During the recent period, we noticed some difficulties in our child’s daily life, such as in board games, distinguishing details in drawings and colors, as well as recognizing faces from a distance. Therefore, we visited three ophthalmologists in Cyprus.
OUR MISSION
The purpose of this organization is twofold. Firstly, it aims to provide information and support to individuals who suffer from the rare genetic disorder known as Leber Congenital Amaurosis (LCA) due to a mutation in the RDH12 gene. Secondly, it seeks to educate and raise awareness among the general public about this condition.

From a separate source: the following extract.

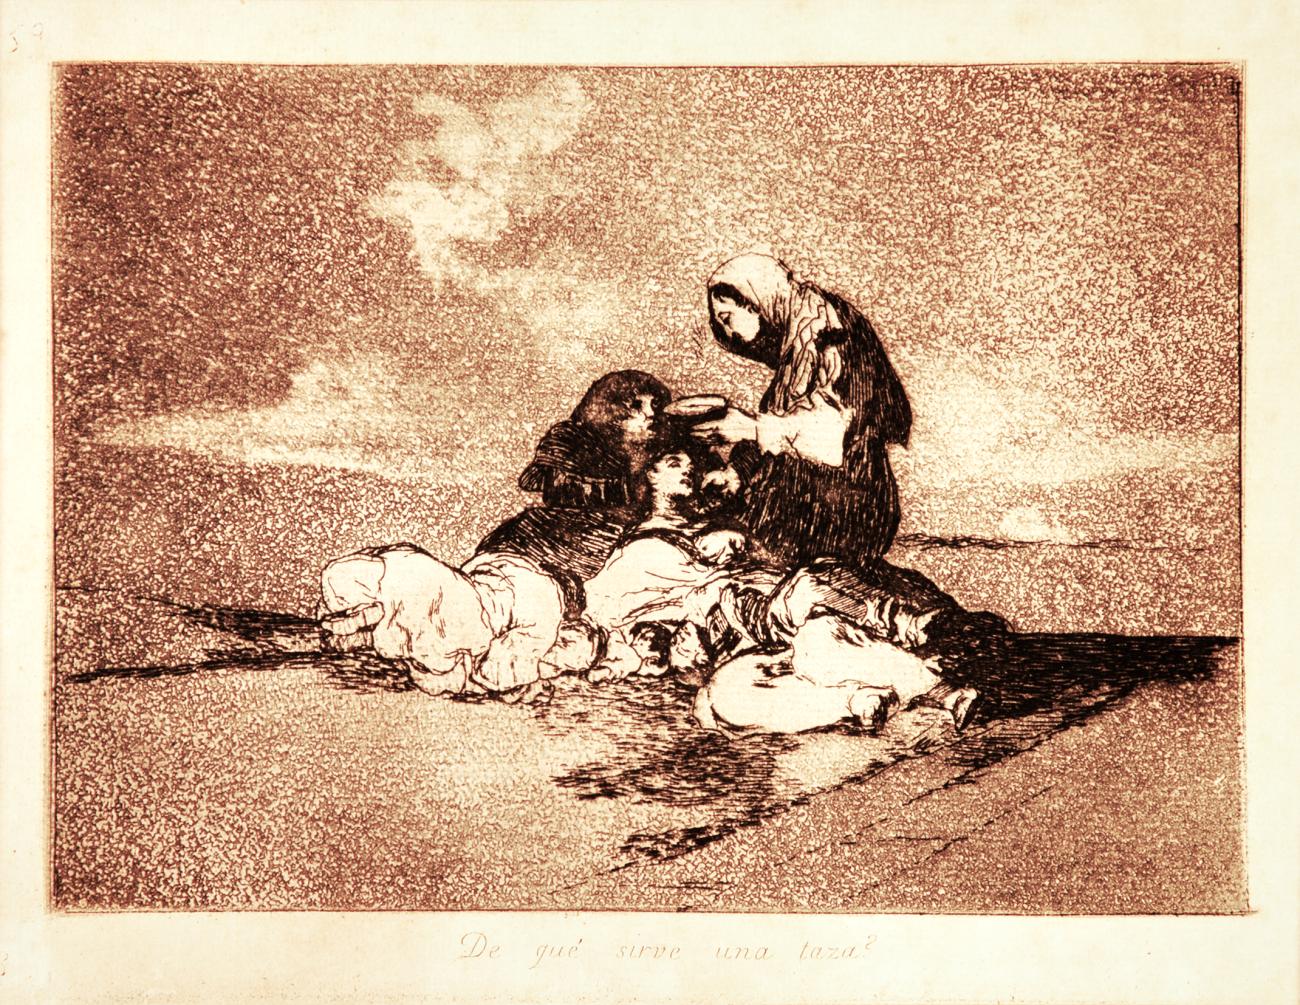 Goya_Francisco_De_que_sirve_una_taza.

We strive to create an environment of hope and autonomy for patients, equipping them with the necessary tools and resources to address the challenges they currently face or may encounter in the near future.
Furthermore, on a practical level, the organization aims to raise funds to initiate clinical studies for the treatment of Leber Congenital Amaurosis (LCA) attributed to the RDH12 gene.
The Foundation will undertake various initiatives to support research, medical care, education, and information dissemination, as well as to provide assistance to individuals with RDH12 and their families.
Our dream is to discover the appropriate treatment that will combat the disease or at least slow down its progression. We believe that this can become a reality with the contributions of all, including patients, scientists, and the general public.
Let’s contribute, so new bright horizons will open and lead sight beyond limits..!!